Eric



  • I've cracked for pleasure my whole life. I've been a little more obsessed than normal recently, because I broke my left wrist 3 weeks ago, and after surgery, the wrist and most of that hand have been off limits for cracking for a while.

    Over the years I've collected 84 different cracks.

    • All 28 knuckles of the hand
    • Joint where each thumb joins the wrist (trapezium)
    • Wrists, elbows, shoulders
    • 14 knuckles of the feet
    • Ankles, knees, hips
    • 8 additional joints in the foot (metatarsals, cuneiformes, cuboids, naviculars)
    • Sternum (in 2 locations)
    • Jaw (both sides)
    • Neck (at least 6 places)
    • Thoracic spine (at least 3 places)
    • Lower back (at least 7 places)

    The sternum never used to crack until it became injured (two separate occasions).

    Already this year, I have collected two new cracks in the foot (between 1st cuneiform and navicular, both sides). Not sure why these joints suddenly joined the list after 42 years of relative quiet 🙂



  • eric, hi.

    how did your neck start clicking?



  • Click isn't the right word in my case. It is definitely a crack.

    In third grade, I was punched in the neck, but that was well after my neck started cracking 🙂

    I started cracking because my older sister used to pay me a quarter ($0.25 USD) to crack her toes.
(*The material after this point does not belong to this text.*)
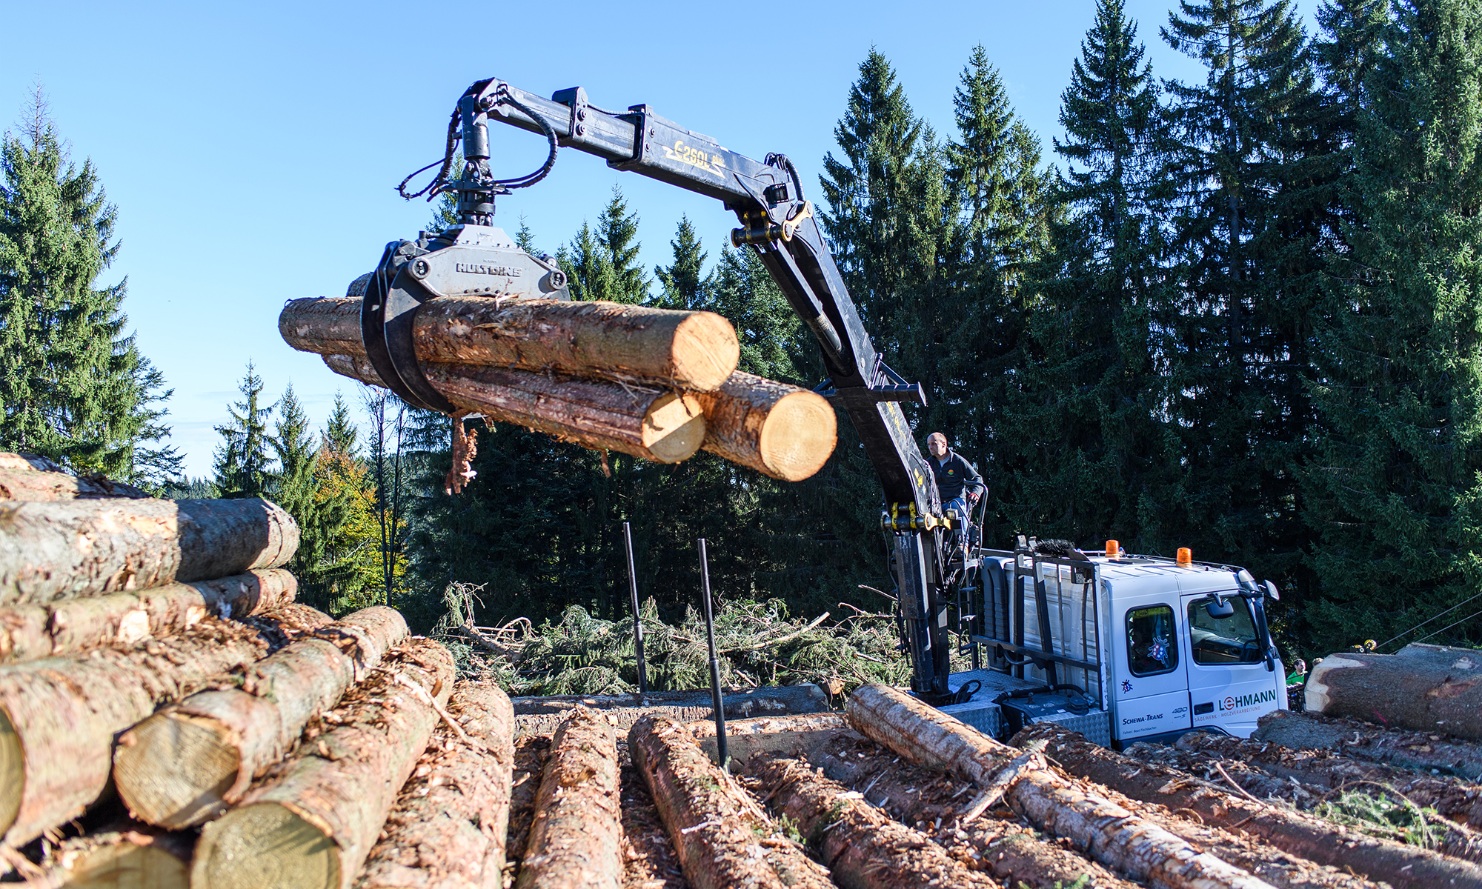 Loading logs onto a truck

    If it's worth money, it must be a good thing…



  • Hi Eric. I'm almost like you(joint cracking wise), but I'm 18. Do you have any arthritis or anything like that? cause I can't stop cracking and i love ittt. I like cracking my spine the most cause it makes thunder like noises and makes me feel so much better.



  • Nothing yet.

    Some of my knuckles may be oversized, not sure.

    Occasionally I'll get too enthusiastic on a distal interphalangeal joint and it will be stiff and sore for a few days.

    I don't believe that cracking itself is harmful, but exceeding a certain range of motion might damage ligaments. The articular surfaces are harder to injure, since they never come into contact with one another in a healthy joint, unless you do something truly extreme.

    A side note, the surgeon for my wrist just informed me that I have an early stage of Dupuytren's Contracture, which tends to curl the fingers over a period of years or decades. Not caused by cracking, but it may limit what that finger can do in the future.

    I am also a lifelong runner, and people are always telling me I'm a likely candidate for arthritis in the knee. From what I've read, though, there's absolutely no evidence that running increases incidence of arthritis of the knee. In fact, there's some evidence that it may be slightly protective.

    What is harmful is trauma, the kind you might get in an impact sport. If I do develop arthritis, I figure it will probably be in the wrist that I just broke…



  • @ericjr77:

    Click isn't the right word in my case. It is definitely a crack.

    In third grade, I was punched in the neck, but that was well after my neck started cracking 🙂

    I started cracking because my older sister used to pay me a quarter ($0.25 USD) to crack her toes.

    If it's worth money, it must be a good thing…

    You SURE your neck cracked before you got punched? This is important…



  • Absolutely certain.



  • Can you help me to theorise why (these figures are my guess)

    80% of people dont have severe neck cracking
    and only about 20% do?



  • No idea.

    Though, if 20% of people have it, I wouldn't call it severe.



  • @ericjr77:

    No idea.

    Though, if 20% of people have it, I wouldn't call it severe.

    i would, im talking about the impact of the crack, not the quantity, read it back and think about it.